What Today's House Vote to Defund Obamacare Does: Nothing

The resolution would fund the government through December 15, but the Senate is certain to reject the attack on the Affordable Care Act.

Jonathan Ernst/Reuters

Zip. Zilch. Zero.

That's what will come of the 230-189 vote in the House of Representatives today, which passed a continuing resolution that funds the government through December 15 while striking all funding for Obamacare. (One Republican voted against, while two Democrats voted for; the vote was otherwise along party lines.)

The resolution now goes to the Senate, where the Democrats who control the chamber will surely kill the Obamacare provision; if they don't, President Obama has promised to veto it. Then they'll send it back to the House, which will have to vote on whether or not they accept the funding resolution that reinstates money for the health-care law. If the two sides don't reach a deal by October 1, the government will shut down, and there appears to be little or no progress in negotiations.

The Republican hope is that at the very least, the Senate vote forces vulnerable Democrats to take a stand on Obamacare.

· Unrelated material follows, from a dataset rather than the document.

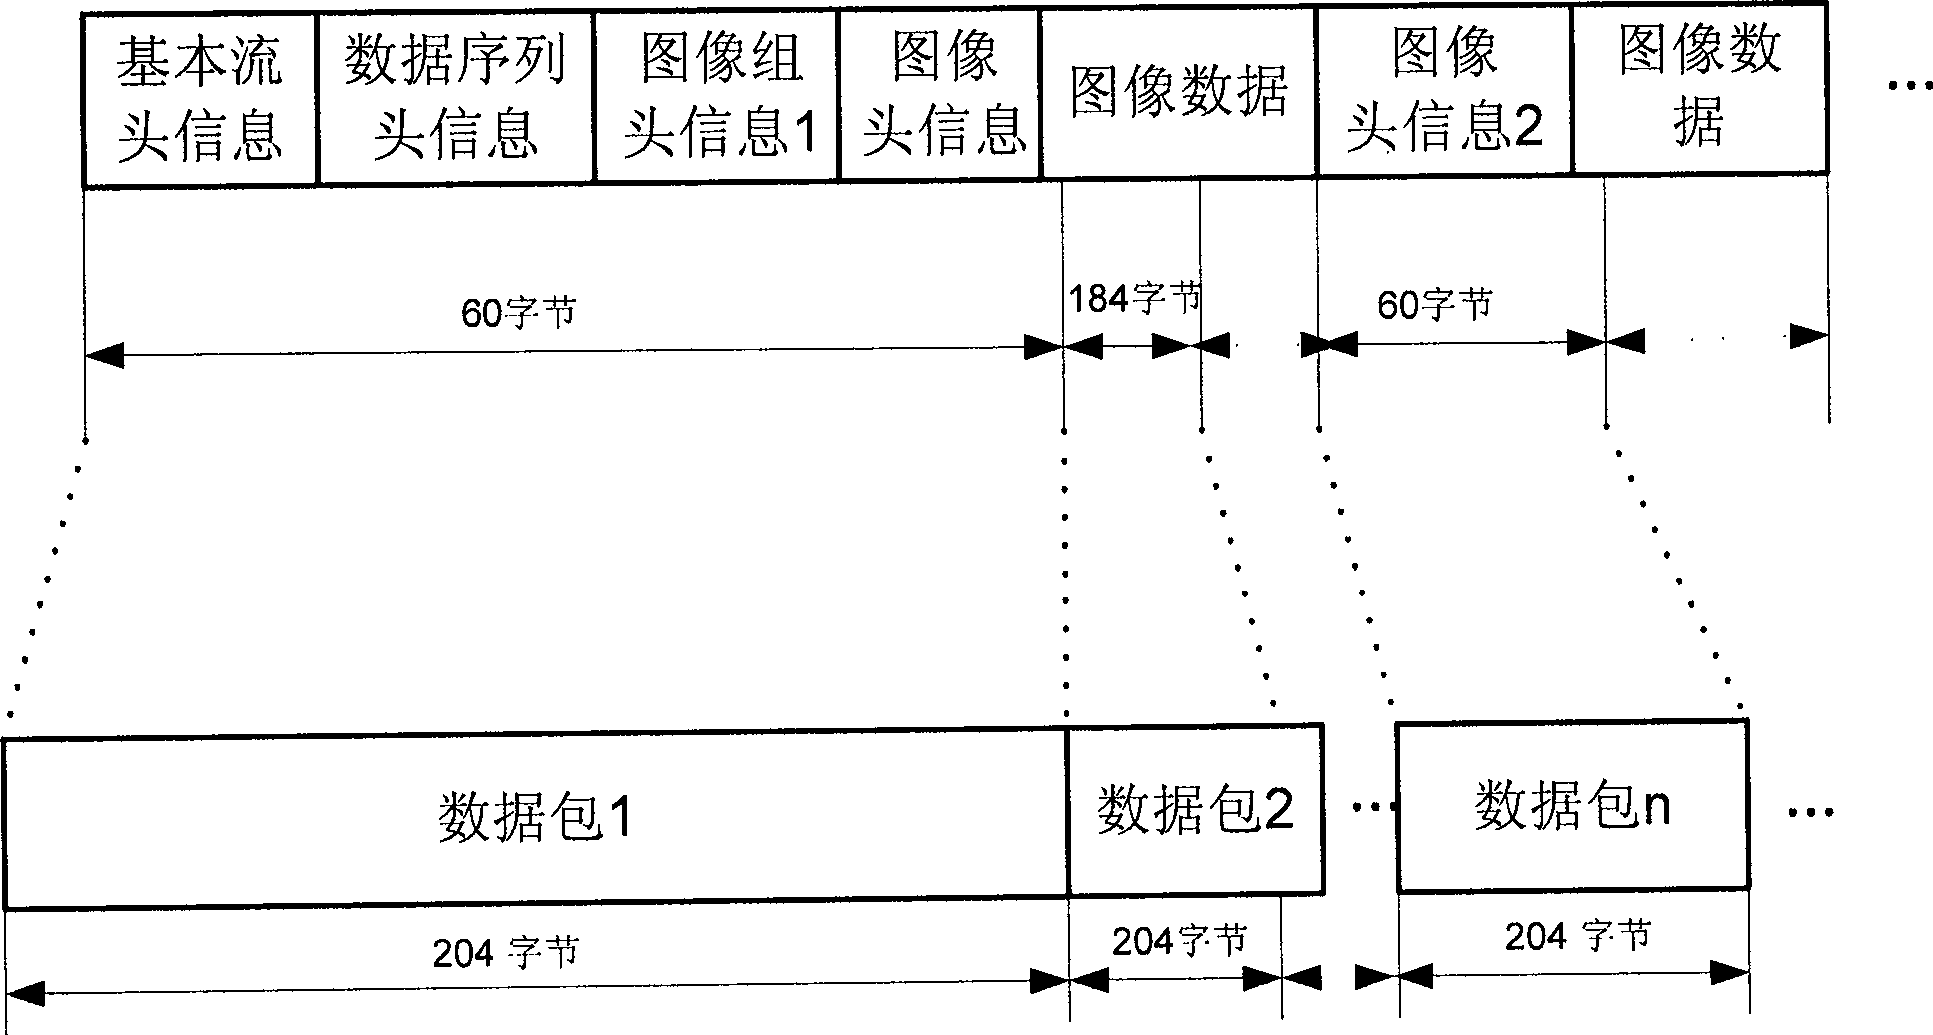 Method and apparatus for encoding and decoding data with error correction

A post-vote House Republican press conference was mostly a litany of names of red-state Democratic senators up for reelection. But of course those Democrats have already voted for Obamacare once before, so there's little incentive for them to turn against it now.

What really seems to be happening is a major fissure between House Republicans and Senate Republicans. The House GOP was pushed to defund Obamacare by Senator Ted Cruz and a small group of like-minded senators, but in the last few days, that team has seemed to go soft, saying they wouldn't filibuster to defund. This has enraged the House Republicans. Representative Sean Duffy of Wisconsin accused the senators of "waving the white flag," saying, "What I see happening now is people coming out now and calling them out for the hypocrisy of these big tough conservatives who know how to fight, but will never get in the ring.”

If all else fails, Republicans hope they can position themselves to profit politically from a shutdown. They reason that Obamacare is unpopular, and shutdown is unpopular, so they've passed a bill that solves both problems: It defunds Obamacare and funds the government. Yet as Molly Ball explained earlier this week, history and polling data both suggest that's a pipe dream.

So where do things stand now? The country is still squarely on the road to a government shutdown, just like it was yesterday.